== Segment start ==

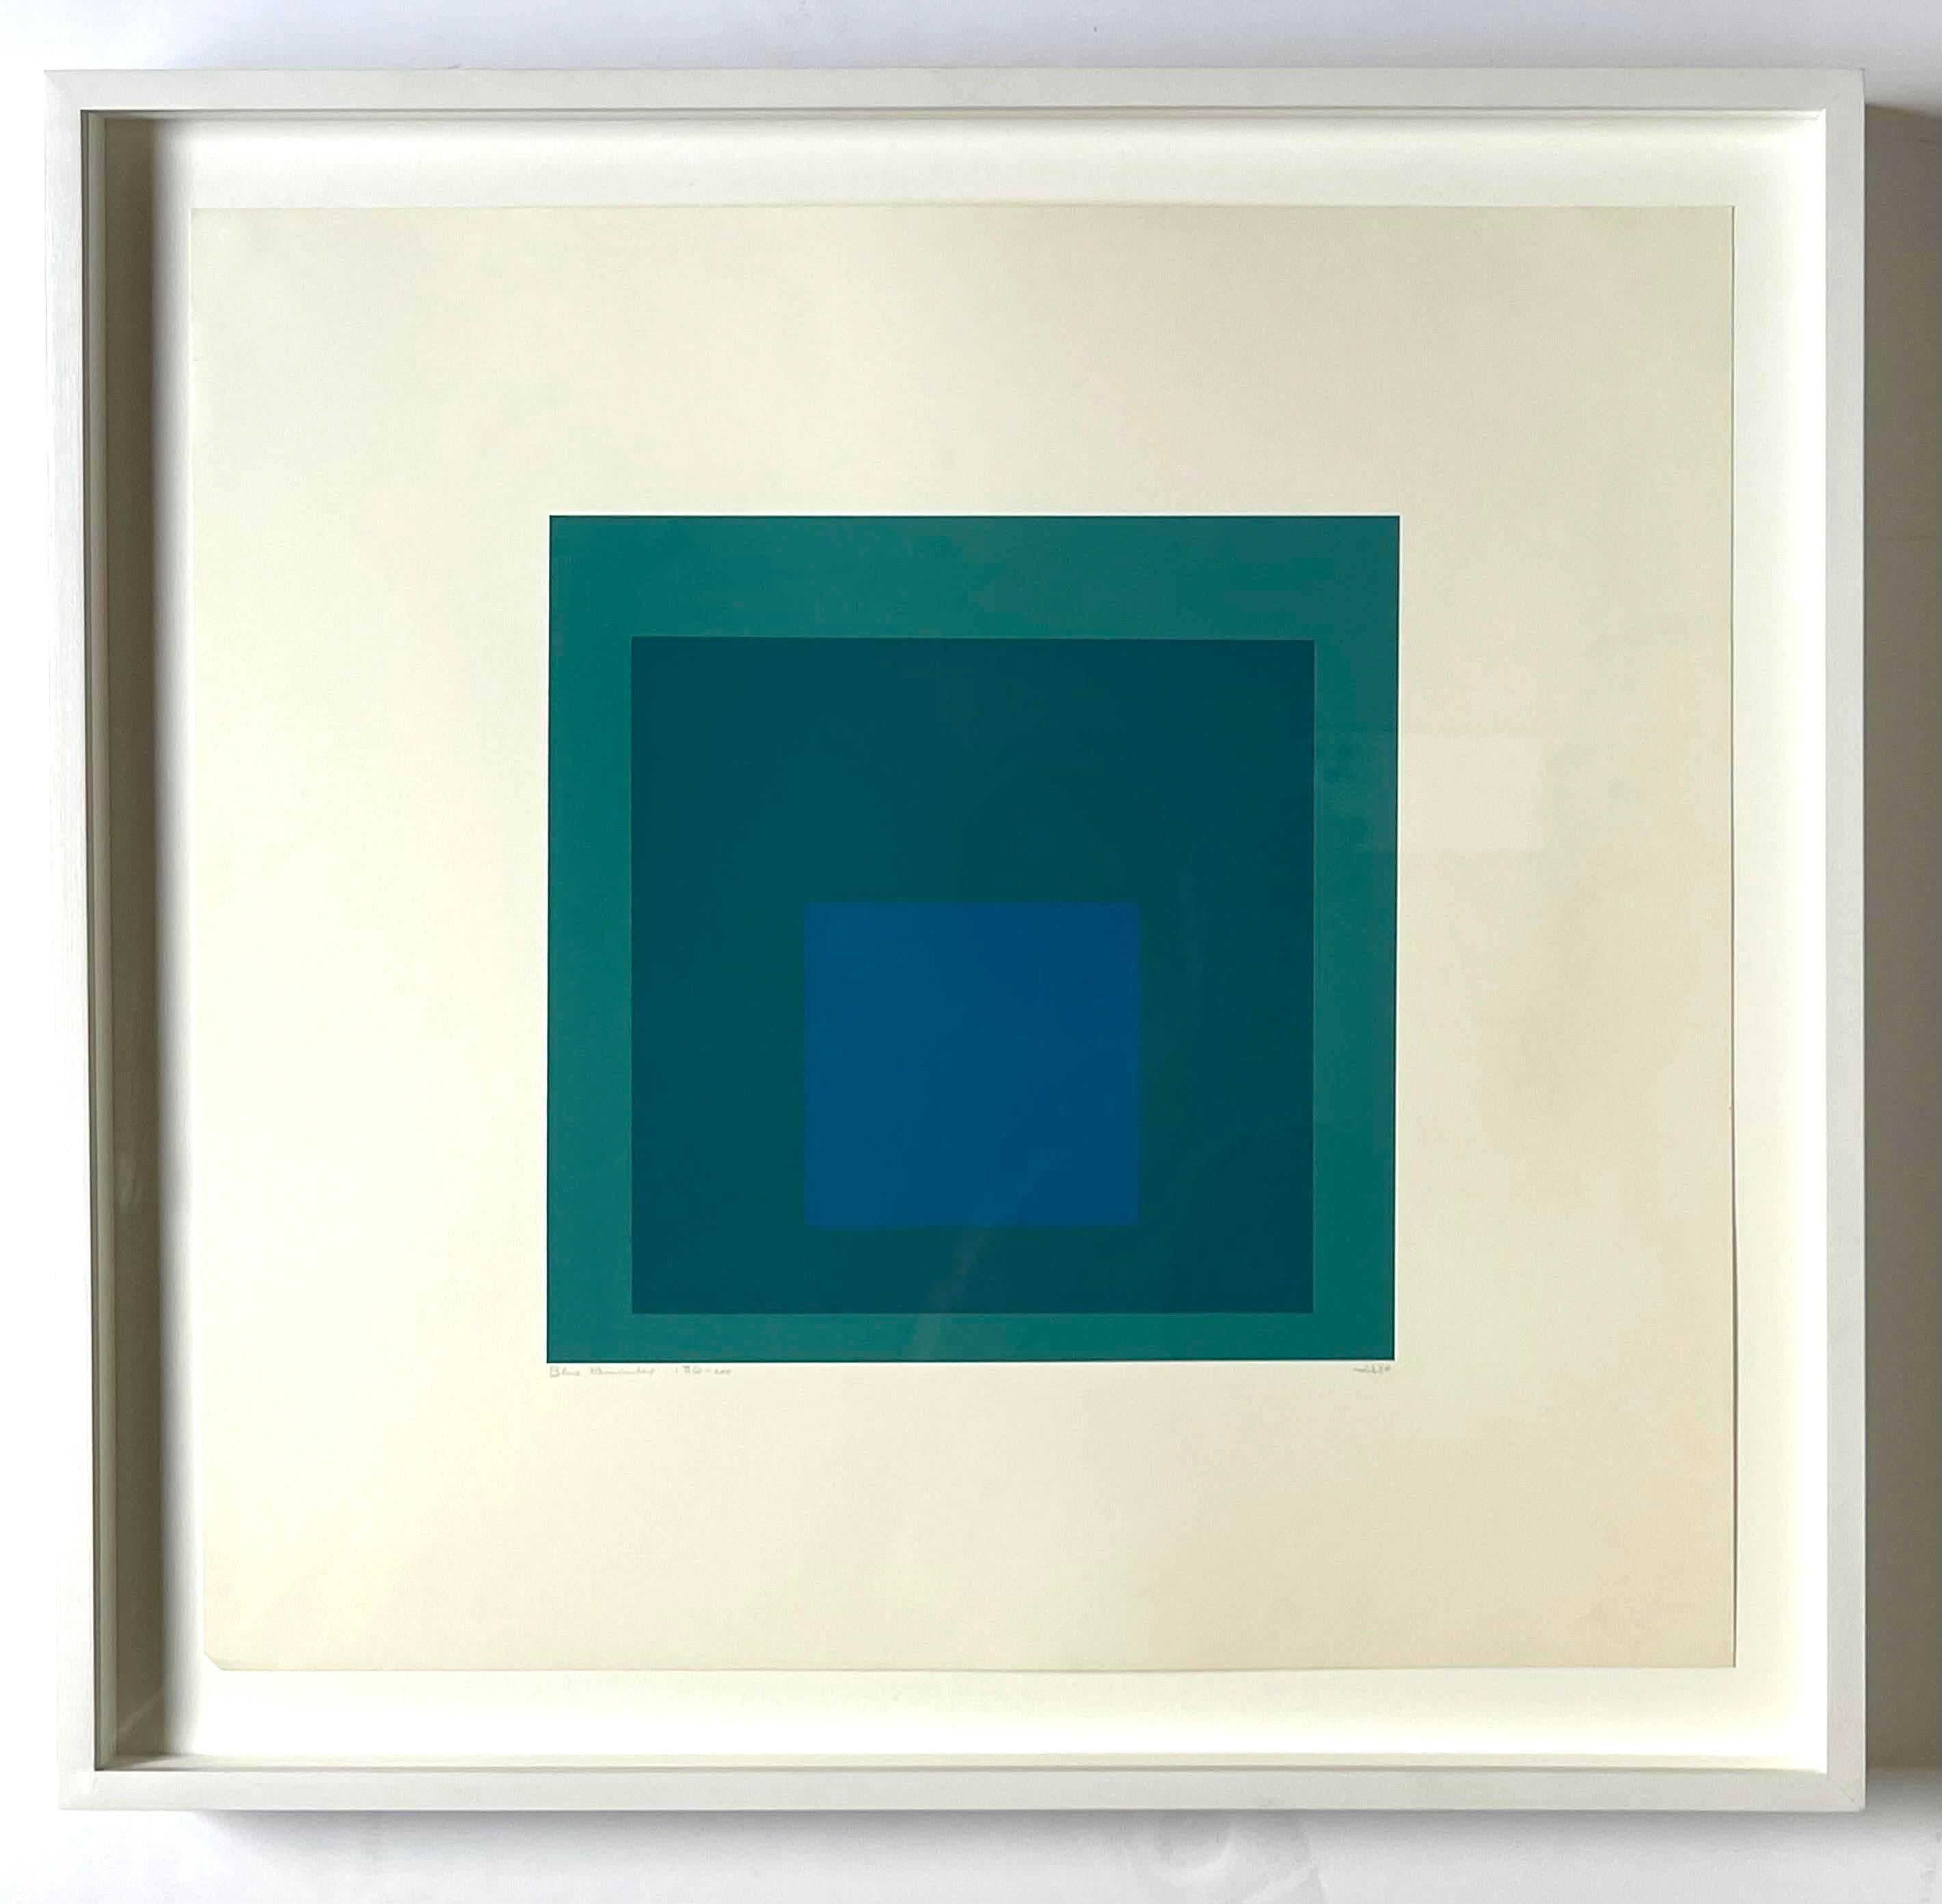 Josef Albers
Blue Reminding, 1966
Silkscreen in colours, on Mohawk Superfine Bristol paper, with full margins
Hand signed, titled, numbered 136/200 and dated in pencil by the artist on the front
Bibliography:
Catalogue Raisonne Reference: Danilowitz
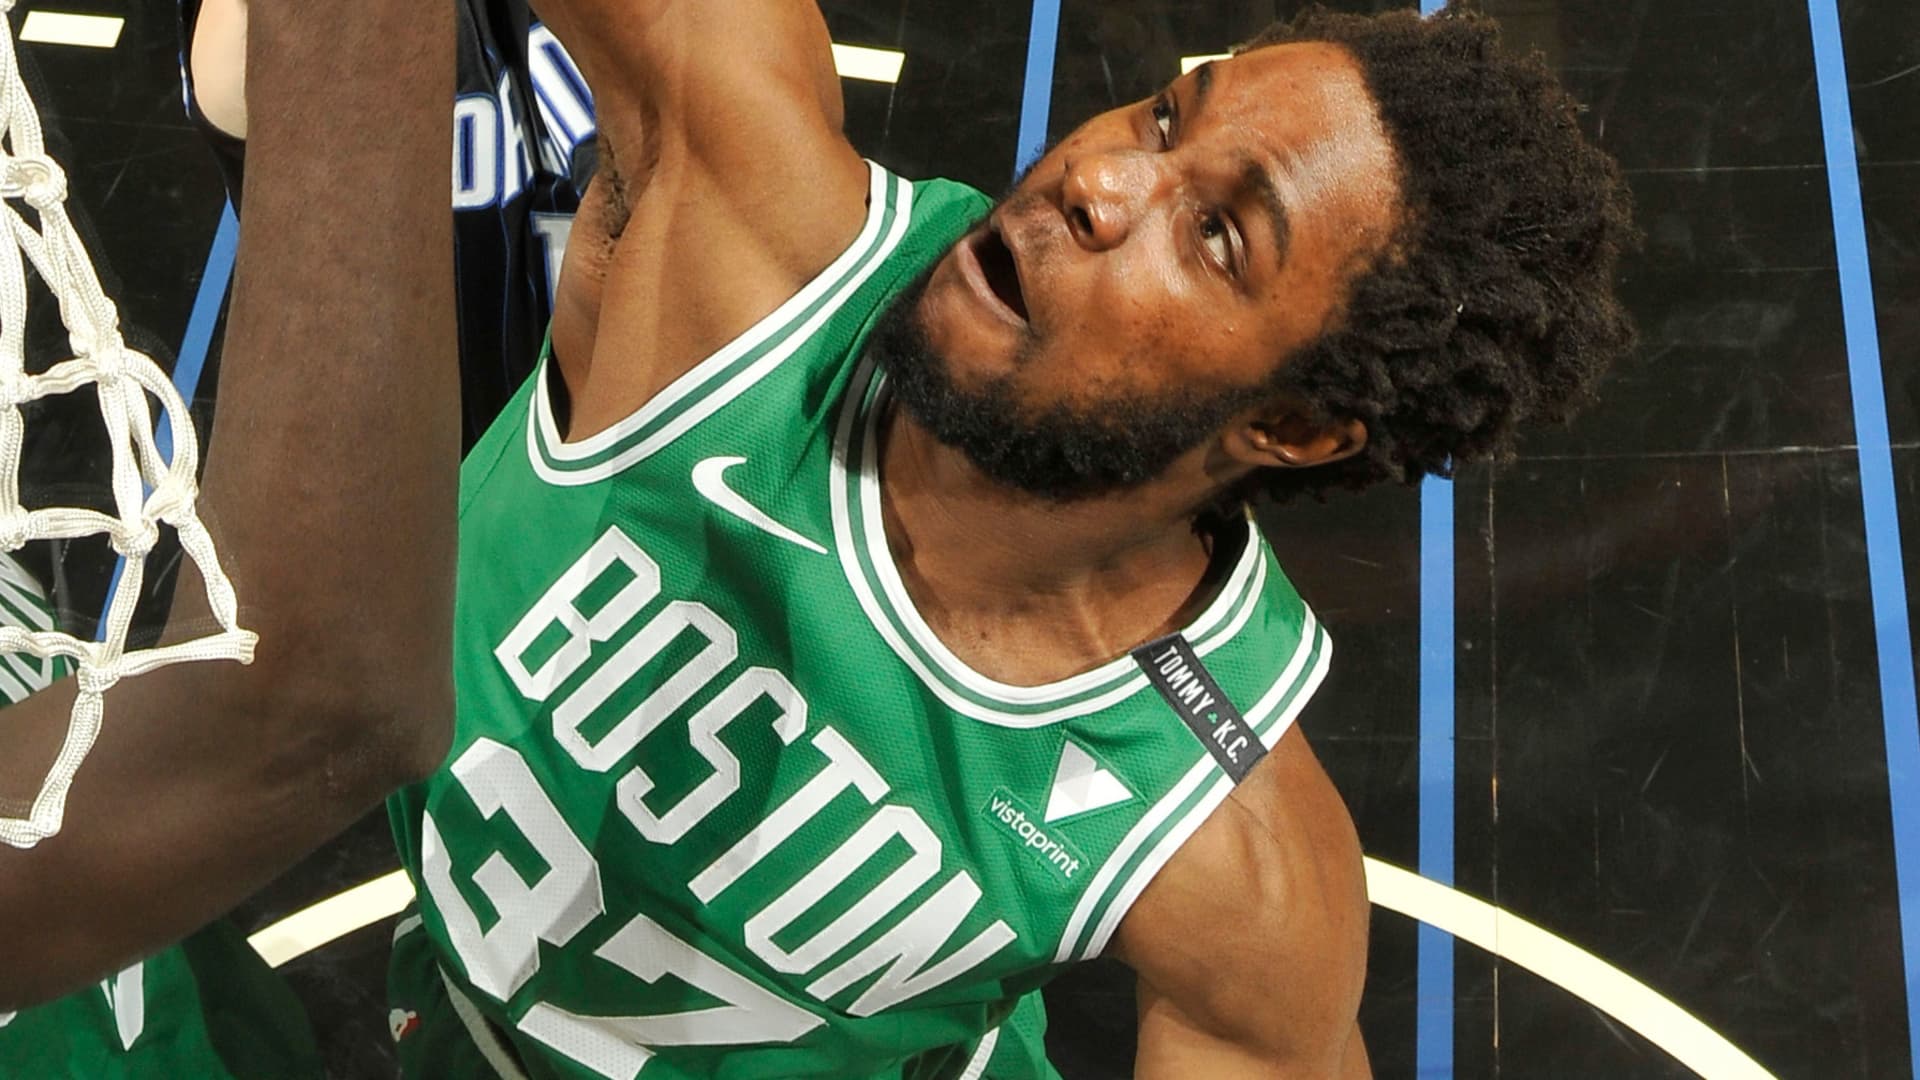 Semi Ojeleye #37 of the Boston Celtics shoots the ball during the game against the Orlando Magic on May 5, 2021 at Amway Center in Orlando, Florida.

== Segment end ==

#### [WHAT THE TASK REQUIRES]
Put each line of the listing above into the copy exactly, dropping the pictures.

#### [SOLUTION FOR THIS PROBLEM]
 Josef Albers
Blue Reminding, 1966
Silkscreen in colours, on Mohawk Superfine Bristol paper, with full margins
Hand signed, titled, numbered 136/200 and dated in pencil by the artist on the front
Bibliography:
Catalogue Raisonne Reference: Danilowitz
 Semi Ojeleye #37 of the Boston Celtics shoots the ball during the game against the Orlando Magic on May 5, 2021 at Amway Center in Orlando, Florida.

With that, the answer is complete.